READ MORE: FOR OUR REVIEW OF SERIES TWO OF BORDERTOWN
18 A Confession
If there was a trend this year, it was the amount of really good dramatisations of true crimes.
This one starred Martic Freeman as Steve Fulcher, a copper in Wiltshire who was on the hunt for not only a missing teenage girl, but subsequently her murderer. When he did finally catch up with cab driver Christopher Halliwell, it became a battle of wills to extract some sort of confession from him. In desperation against a slippery foe, he decided to bend the rules and interview him without a lawyer present, and initially it paid off – Halliwell led him to the body of Sian O’Callaghan, but also told him about another victim – Becky Godden – and her place of burial.
From that moment the families of Sian and Becky (including the excellent Siobhan Finneran and Imelda Staunton) were fighting to find justice for their girls in a case that threatened to collapse at any moment. For Fulcher, his career was on the line.
READ MORE: FOR OUR REVIEW OF A CONFESSION
17 The Capture
Starring Holliday Grainger and Callum Turner The Capture was a classic cat-and-mouse chase thriller a la North By Northwest and The Fugitive, but brought bang up to date.
Turner starred as Shaun Emery, a volatile Afghanistan vet who had just been cleared of murder while in theatre. On the very same night of his exoneration, he drunkenly accompanied his lawyer to her bus stop and leaned in for a kiss, but on CCTV he was seen assaulting her. And, when the lawyer herself goes missing and was later found dead in the boot of a car, Callum became a murder suspect on the run. Following him was Grainger’s DI Rachel Carey, a hotshot young detective who had precociously ascended the ranks.
At first adversaries, and then finding themselves on the same side, together they tried to expose nefarious secret agencies within the security forces.

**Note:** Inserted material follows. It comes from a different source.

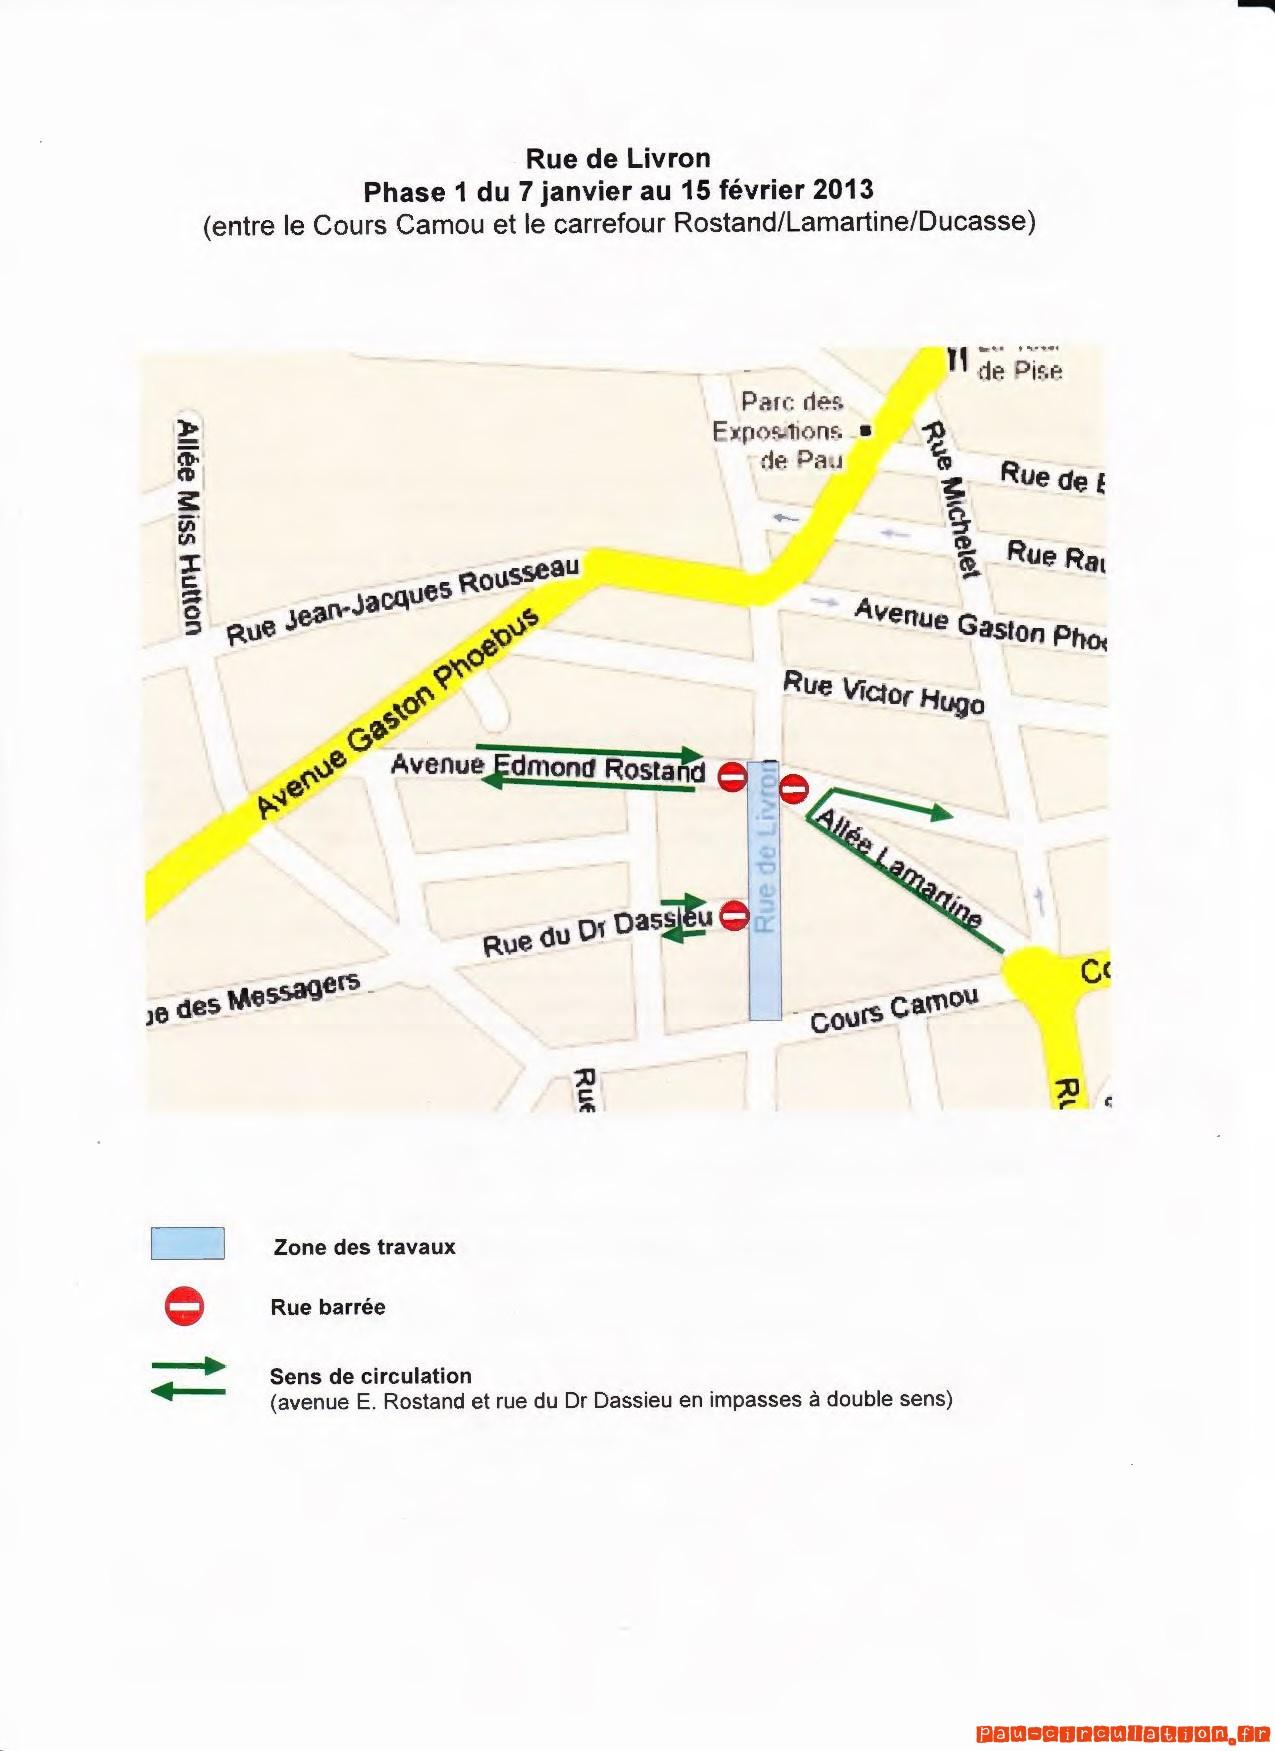 Rénovation Rue de Livron – Phase 01 du 07 janvier au 15 février 2013

With a breathless pace, The Capture had a bit of the Line Of Dutys about it, but there was something interesting and terrifying about this six-parter – the fact that everything we believed to be true and some of the things we hold most dear (our very own identities) could be manipulated and used against us.
READ MORE: FOR OUR REVIEW OF THE CAPTURE
Another true-crime dramatisation, this time we headed to Texas to watch how cult leader David Koresh manipulated and gently coerced a group of lost souls to follow him until the whole place went up in flames.
We knew the outcome to the siege of the Branch Davidians in Waco, Texas, in 1993, but this excellent series put so much more meat on the bone. It presented cult leader David Koresh not as a cartoonish, fire and brimstone preacherzilla but as a nuanced human being – a deeply narcissistic, deluded one, at that – and the people who chose to stay with him to the bitter end also as real, broken human beings.
And right up until the last moment, when a fire ripped through the compound killing 76 people, there was a sense that a way out could be achieved.
The series has been criticised in the US for presenting Koresh in a sympathetic light, but we disagreed – this series presented him as a monster, but a monster not in the two-dimensional, cartoonish villain way. Koresh was sly. A nerdily charismatic leader, he excelled at slow-burn persuasion and pressure. He was a complex character, and this series afforded a portrayal that fit his personality. Tyler Kitsch, in the lead role, was absolutely superb, nailing his curious charm, and occasionally baring his teeth in moments when that charm slipped.
But we also saw the FBI’s role in the whole sorry saga, and in the end were left with the feeling that if it wasn’t for two deeply entrenched sets of people, this tragedy could and should have been avoided.